Sonidos de la Tierra (Sounds of the Earth) is an innovative social entrepreneurship program, recognized for its great transformative impact on rural communities across Paraguay. Sonidos de la Tierra uses music to create social capital and reduce poverty.
Music is a tool for social and community transformation and fosters social entrepreneurship, cultivates good citizen practices, combats youth violence, and eradicates poverty.
Program Growth and Replication Communities compete to be admitted to the program, committing to provide resources to launch and sustain it.
Founder and Director, Sonidos de la Tierra
Luis Szarán is an internationally known composer and conductor, maestro of the Philharmonic Orchestra of Asunción, Paraguay. The eighth child of struggling farmers, he was “discovered” by a prominent Paraguayan musician and given the opportunity to study with master teachers in Europe.

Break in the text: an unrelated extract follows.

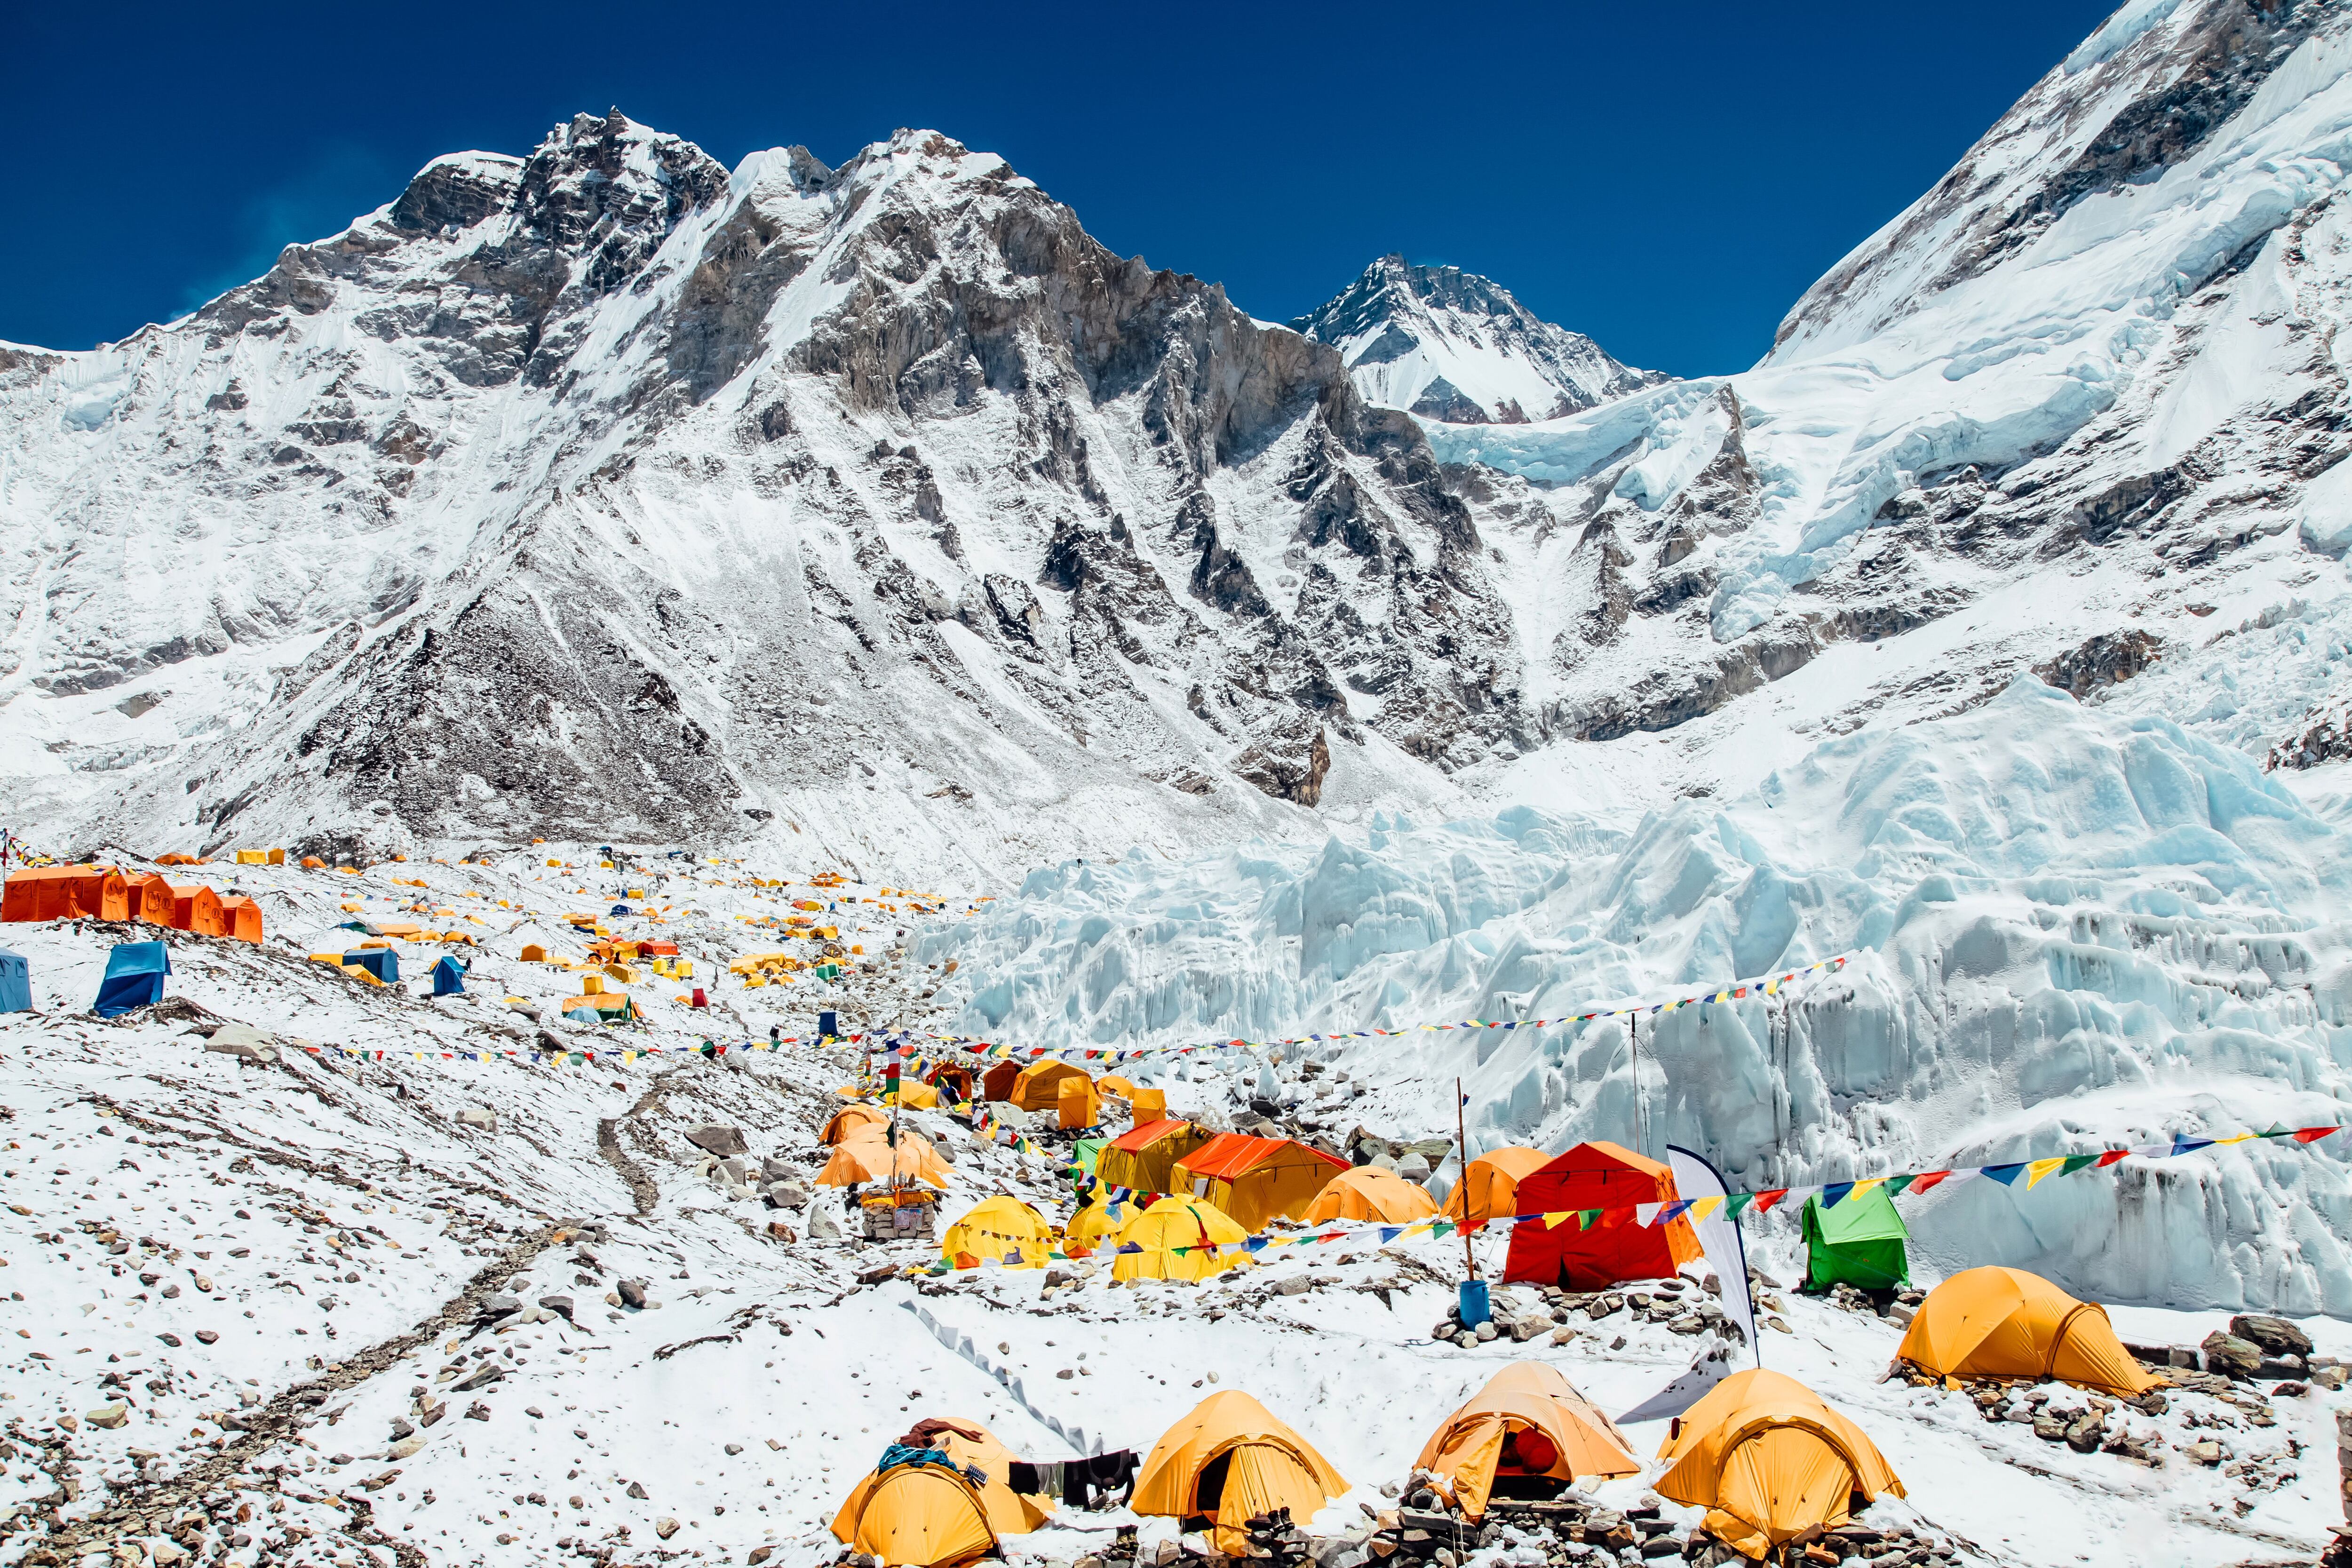 Tiendas de campaña en el campamento base del monte Everest, el glaciar y las montañas de Khumbu.

His experience drove him to found “Sonidos de la Tierra” (Sounds of the Land) in early 2002, adapting an approach pioneered in Venezuela, Colombia, and Costa Rica. Sonidos’ program engages entire towns in supporting music education and performance, and in so doing, creates new ways of thinking about development challenges. The program provides musical leadership from the maestro and a corps of itinerant professors, and financial assistance to acquire the instruments needed to start. Szarán is widely quoted as saying that “young people who play Mozart by day do not break windows at night.” The project also supports studios where artisans construct and repair instruments, earning substantial income and keeping the project supplied, and is engaging its students and teachers in reviving and documenting the traditional music of Paraguay.
Sonidos de la Tierra has worked in more than 200 cities, towns, rural communities, and slums, reaching more than 18,000 children and young people of Paraguay, who participate in its academic, artistic, and community activities. When Sonidos de la Tierra started in 2002, in Paraguay, there were only one symphony orchestra and three youth orchestras. By 2016, there were five symphony orchestras and 100 youth orchestras. Thirty percent of the musicians from the symphony orchestra of the city of Asuncion have participated in the Sonidos de la Tierra program.